A shrinking milieu with growing influence
One argument from the critics stands out in particular: the number of hunting licences in Italy has fallen from 738,000 in the 2016/2017 season to just 155,496 in 2026, dropping from 160,055 to this figure within the last two years alone. Hobby hunters thus make up around one per cent of the Italian population, yet this reform grants them far-reaching new powers. Edgar Meyer of Gaia Animali & Ambiente therefore called the act «a slap in the face of science». He also pointed to a rarely discussed issue: according to an analysis by the association Vittime della Caccia, the past twenty years have counted around 1,937 fatal hunting accidents, including 33 cases in which hobby hunters fatally injured themselves and 13 cases involving uninvolved victims.

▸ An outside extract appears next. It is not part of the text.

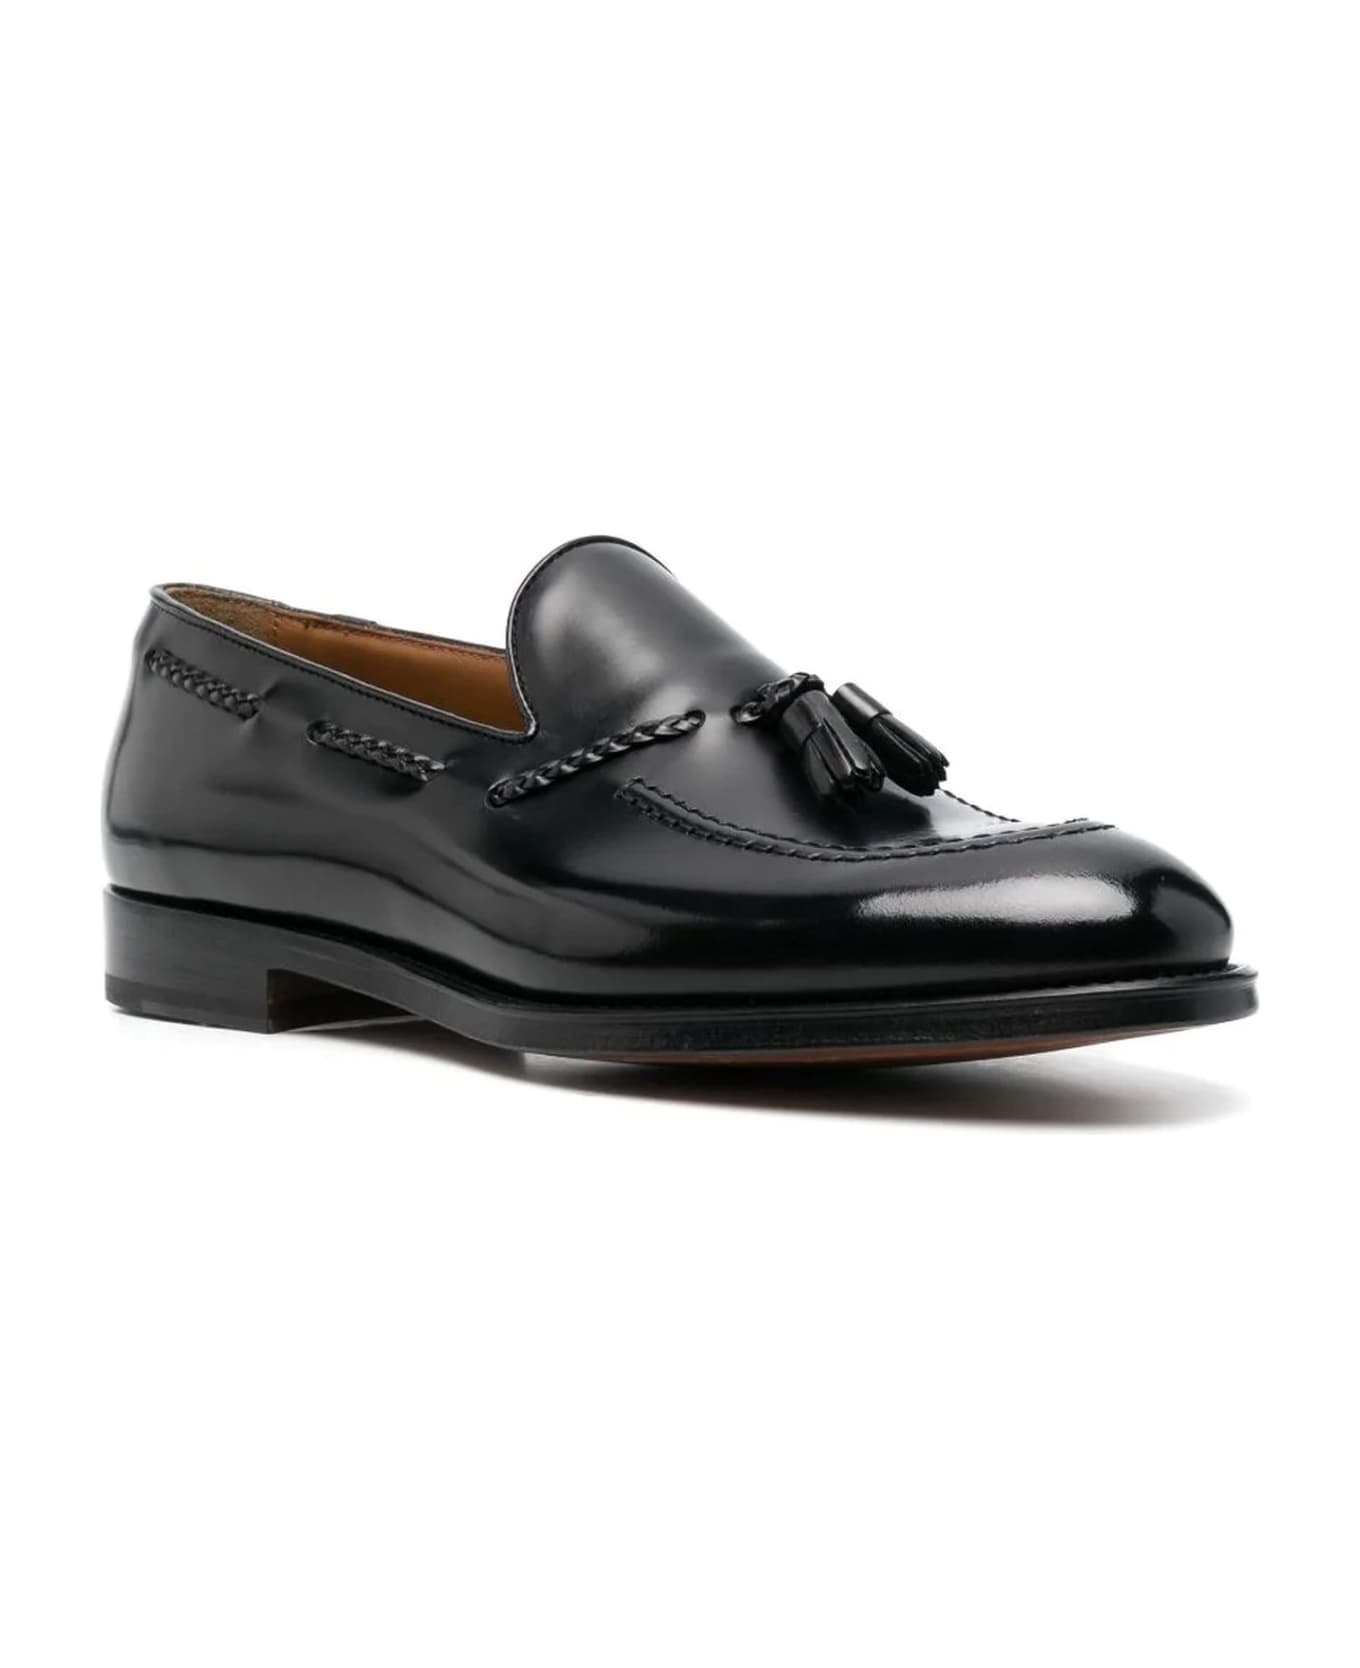 Doucal's Black Calf Leather Loafers - Black

In a joint letter to Chamber President Lorenzo Fontana, 57 organisations, including Lav, Leal, Legambiente, Lipu BirdLife Italia, Wwf, Enpa, Greenpeace, Oipa, Lndc and Gaia Animali e Ambiente, have also demanded that, alongside the Agriculture Committee, the Environment Committee be included in the deliberations.
Objection from Brussels
The EU Commission is following the process attentively and has submitted several points of criticism to the Italian government, relating above all to the extension of the hunting season beyond 10 February, the weakening of ISPRA's role, and the planned expansion of live decoy birds. Experts see in this a possible violation of the EU Birds Directive, which mandates comprehensive protection during the most sensitive phases of the reproductive cycle. For the rule on live decoy birds, an EU pilot procedure has already been running since 2023, and a formal letter of notice is pending. The Italian President is also examining whether the wording of the law is compatible with Article 9 of the constitution, amended in 2022, which enshrines the protection of the environment, biodiversity, ecosystems and animals as a state objective. As early as spring, Pope Leo XIV also criticised the hunting reform, and animal welfare associations had even earlier warned against the planned reinterpretation of hobby hunters as environmental educators.
Assessment
The Italian case reveals a pattern also familiar from Switzerland: when scientific expert opinions on hunting regulations are downgraded from binding to advisory, decision-making power shifts from professional evidence to political discretion. What is remarkable about the Italian case, however, is how broad the front has now become: it stretches from animal welfare associations through the two leading scientific societies for birds and mammals right into the ranks of the governing majority itself, where members of parliament such as Rita Dalla Chiesa openly take a stand against their own coalition. Brambilla put it in a nutshell: the fight for nature and biodiversity knows no political colour. The course of the debate in Rome is impressively confirming precisely that.